Nature Physics 6, 151 - 153 (2010) 
doi:10.1038/nphys1619

 

Subject Category: Quantum physics

Dynamical quantum non-locality

Sandu Popescu1

This is an important article - here are some excerpts:

"That nature is non-local, in the sense of so-called Bell-inequality violations, is by now well known. That is, quantum physics allows correlations between distant particles that are stronger than allowed classically: for classical systems to show such correlations they would need to communicate faster than light. Understanding this kind of non-locality and using it is one of the greatest achievements of quantum information science. The non-locality discovered in the AB effect, however, is completely different. Bell-inequality violations follow from the Hilbert-space structure of quantum mechanics; they are purely kinematic. On the other hand, the AB type of non-locality is dynamic — it is the non-locality of the quantum equations of motion."

How quantum wave interference is qualitatively different from classical wave interference:

"Let us first consider waves on water, with the two-slit screen being a dam with two openings in front of the beach. Two observers on the dam, one next to each opening, could both observe and record the phase of the wave, by simply measuring how high the water is as a function of time. They could then find the relative phase by calculating the difference of the phases. So not only can the relative phase be observed, but the individual phases as well.

On the other hand, quantum mechanically α1 and α2 cannot be observed. Indeed, quantum mechanically an overall phase is unobservable."

Enter quantum dynamical nonlocality in the relative phase shift operator:

"We thus arrive at a first significant conclusion: the information about the interference is contained in the average of the shift operator, not in the averages of any power of position or momentum. It is therefore this operator that is the relevant one. Without a better understanding of its properties we have no way of actually understanding quantum interference.

New dynamics ahead?

To summarize, quantum interference is not the benign phenomenon that it is generally considered to be. It is fundamentally different from classical interference. The relevant observables are non-local and they obey non-local equations of motion.

...

The implications are dramatic. On the one hand, the analysis described here sheds new light on the mystery of interference, to the extent that it should change the whole discourse. Rather than focusing on what happens at the screen — wavefunction collapse and so on — one should go back and revisit the notion that an electron, while passing through one slit, cannot know what happens to the slit not taken. It certainly can know, if the physics is non-local. But the implications do not stop here, at the subject of 'interpretations of quantum mechanics'. It is much more than that.
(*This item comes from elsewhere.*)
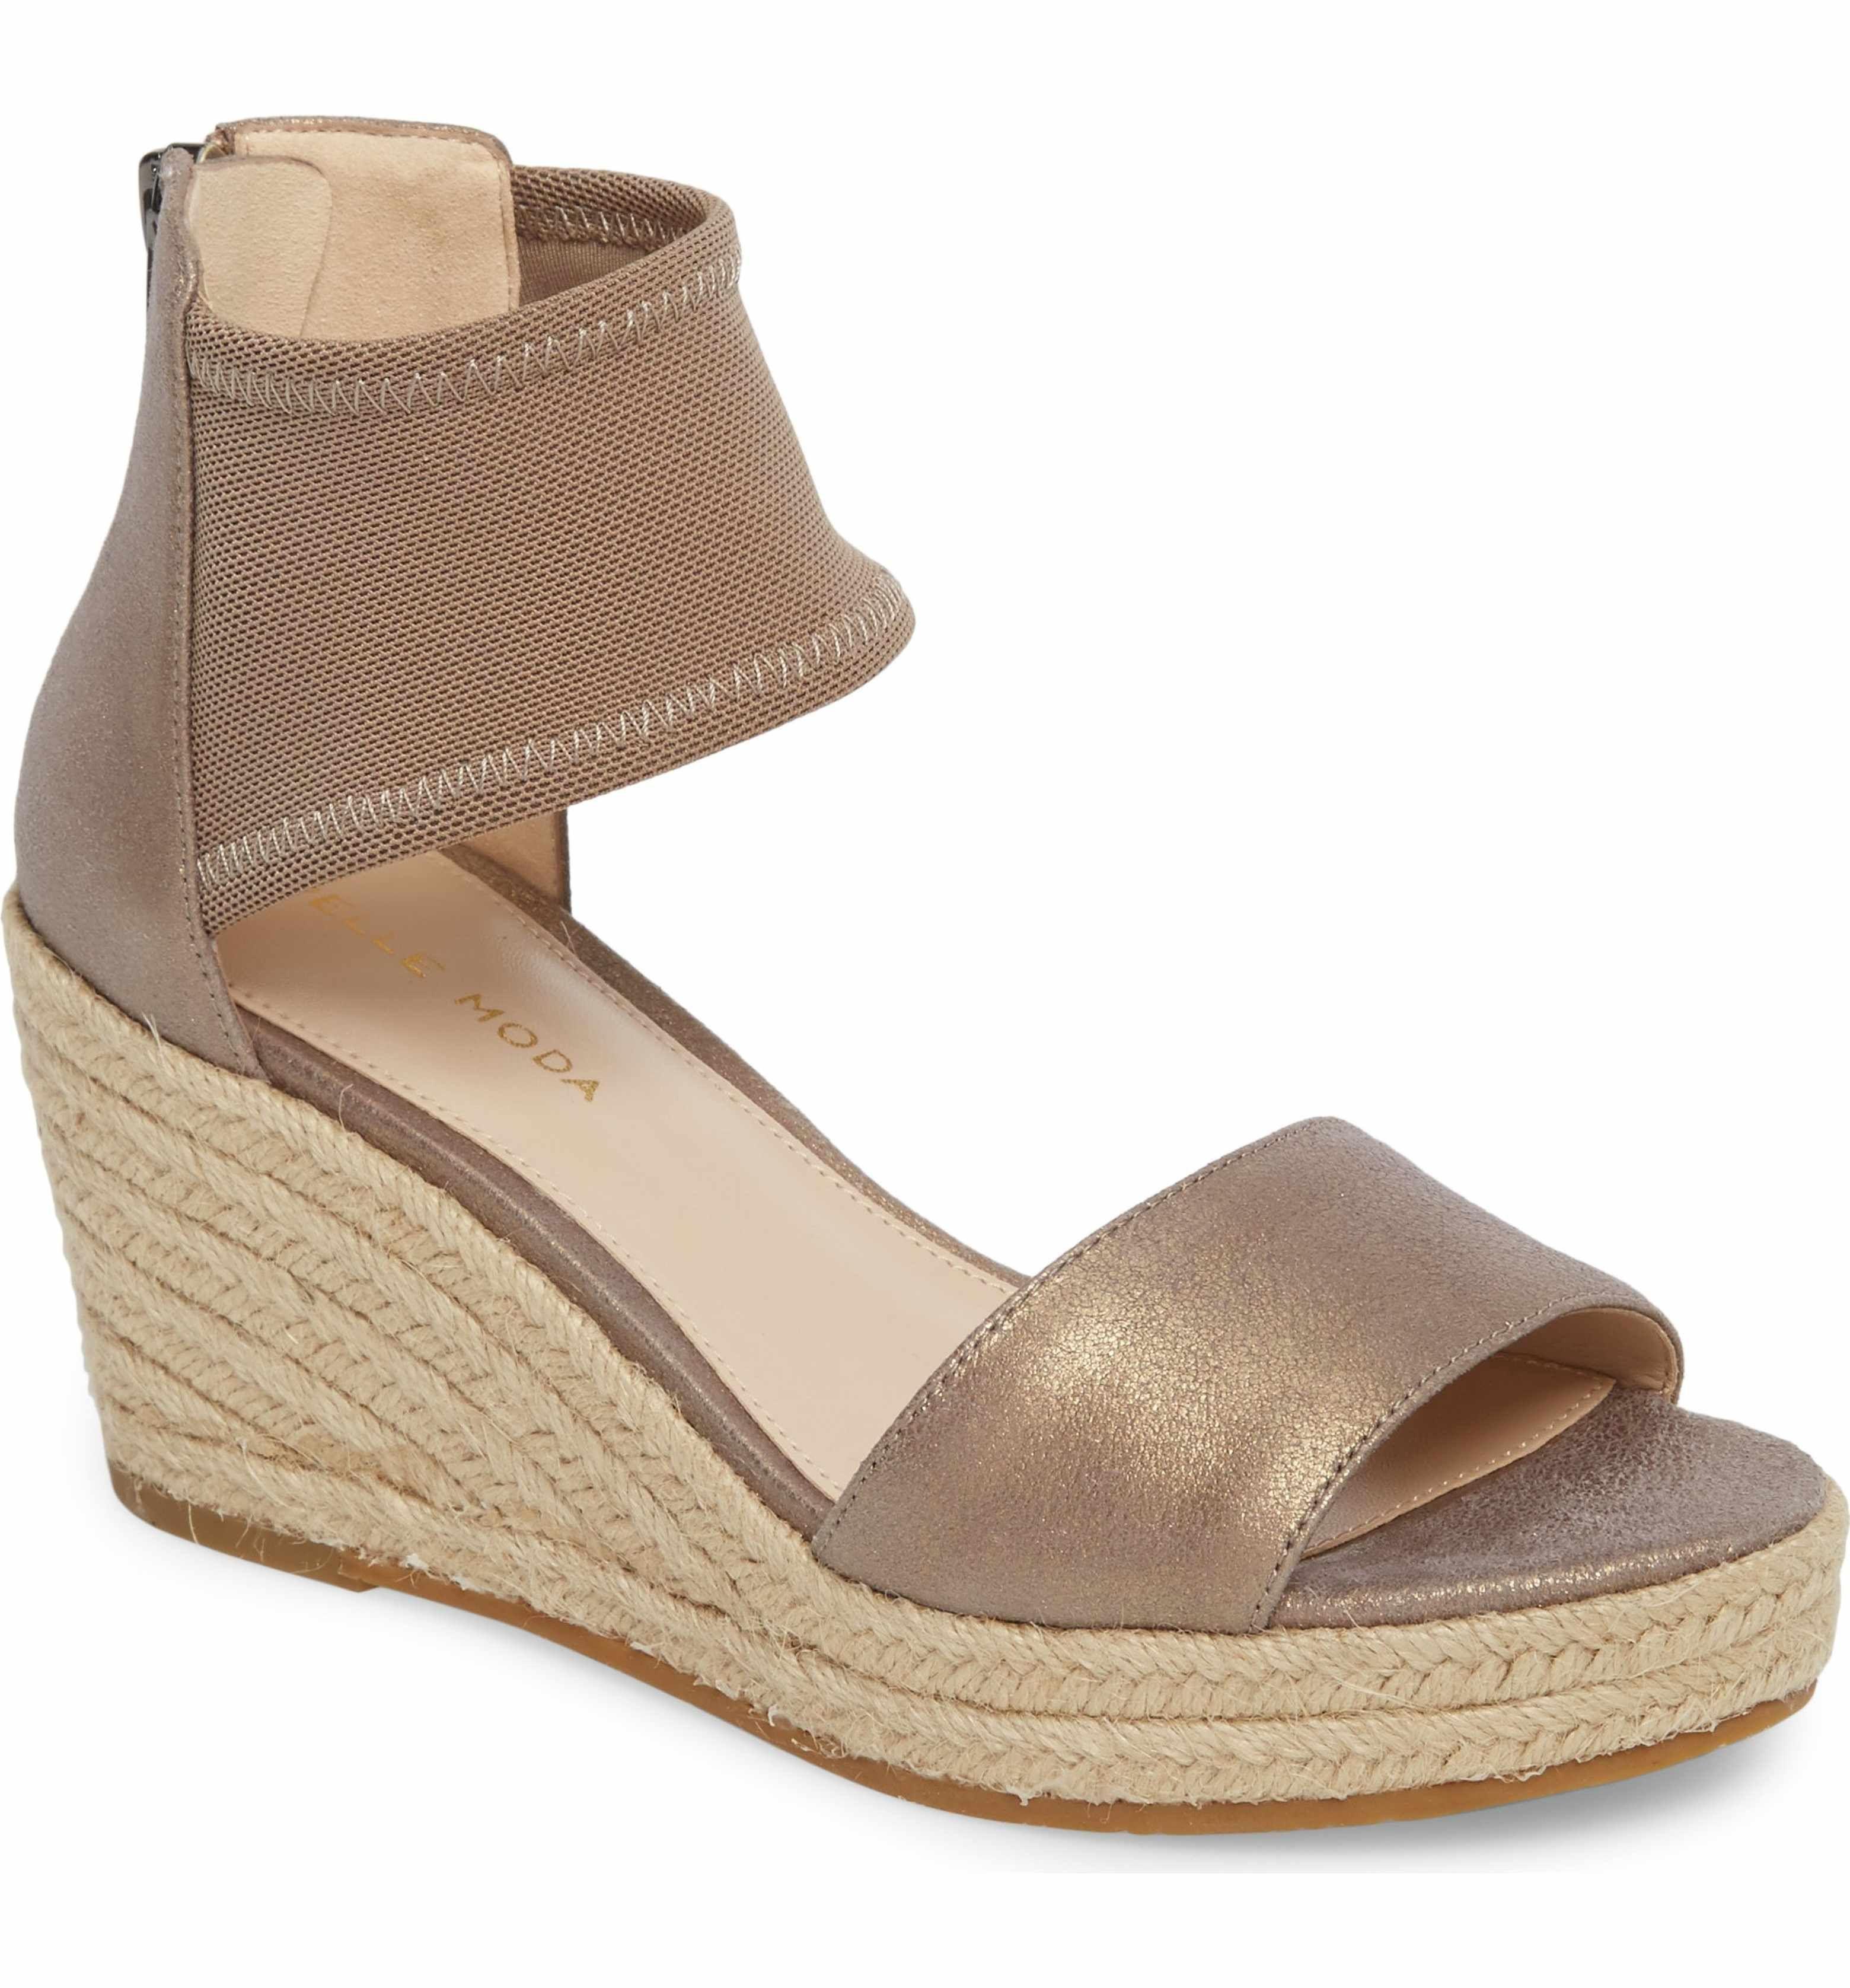 401c7feb0e5 Main Image - Pelle Moda Kona Platform Wedge Sandal (Women)

The entire quantum evolution is subject to dynamical non-locality, so we should be able to see its consequences in various quantum effects, regardless of their interpretation. ...

Conceptually however we are almost there. That non-local interactions exist and do not conflict with causality is only possible under the umbrella of quantum uncertainties. This, if we turn the table around, may give a whole new meaning to the reasons that uncertainties exist in the first place — so that nature may be non-local."

Popescu's theory is consistent with Bohm's ontological theory. The former may be easier to make special relativistic than the latter.